= Euphémie Daguilh =

Euphémie Daguilh (died in Les Cayes, Haiti, 1834), was a Haitian composer and choreographer, royal mistress of emperor Jean-Jacques Dessalines. She and cared for the wounded during the campaign of 1805. Haitian legal historian Mirlande Manigat refers to her as Euphémie Daguile. She is believed to have been Dessalines' most influential mistress.

==Life==
Daguilh met Dessalines in Les Cayes during his campaign in Southern Haiti, where she nursed him during his sickness. She followed Dessalines during his campaign against Santo Domingo and made her name tending to the wounded soldiers during gunfight. Thomas Madiou has referred to her as a heroine.
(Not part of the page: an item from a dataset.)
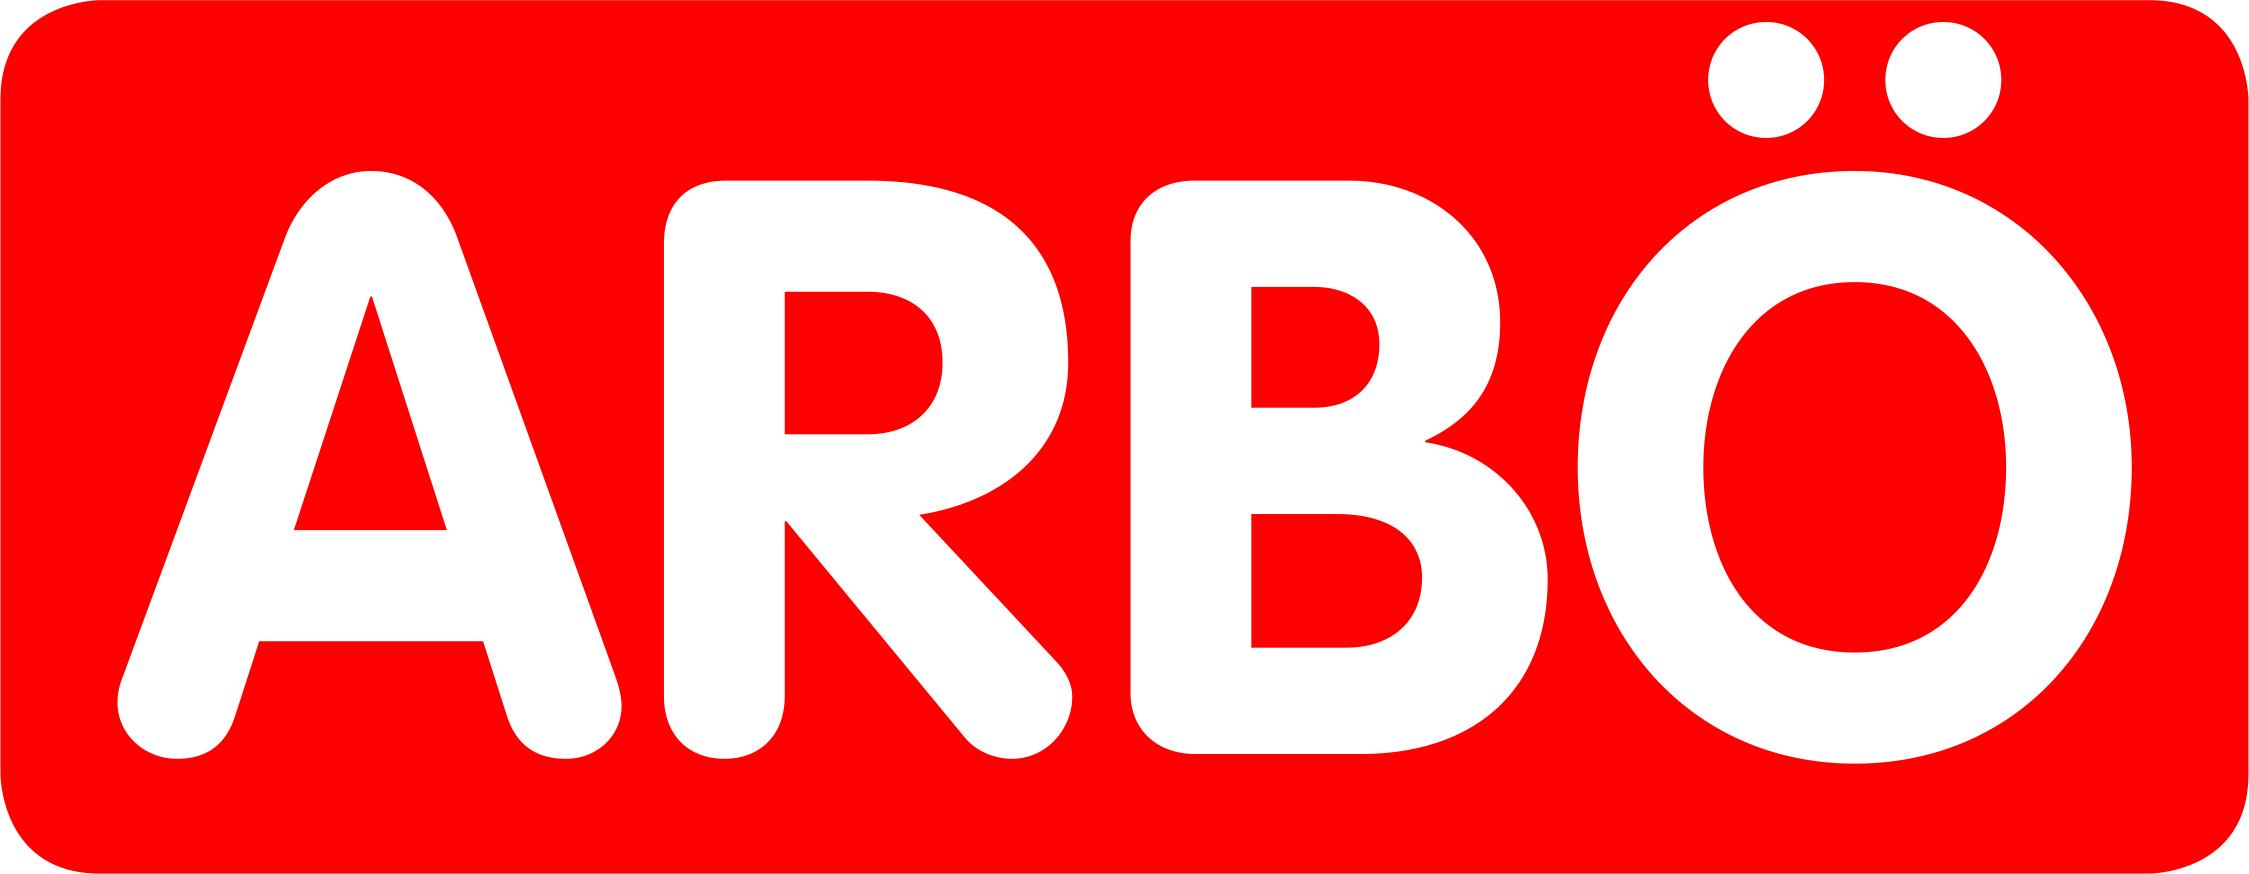 Logo vom Arboe

Euphémie Daguilh composed several songs which became popular in Haiti.

Her relationship with Dessalines was public and a letter paper was printed with the text: "The Friend of Jacques, His Majesty Emperor of Haiti", and she was granted an allowance. Daguilh hosted a salon with the task to spy on the military of Southern Haiti. While Dessalines was still alive, her monthly expenses paid by the state were about 1,000 gourdes. Upon complaints to Dessalines by Balthazar Inginac, Director of state properties for the West of Haiti, her allowance was reduced to 800 piastres.

When Dessalines was deposed, a mob broke into her home with the intent to lynch her, but she managed to calm them by serving them dessert and singing her compositions to them. She later married one of the prominent members of the Haitian military, Lacoude Bellefleur aka Bellefleur Laconde with whom she'd had children before her liaison with Dessalines.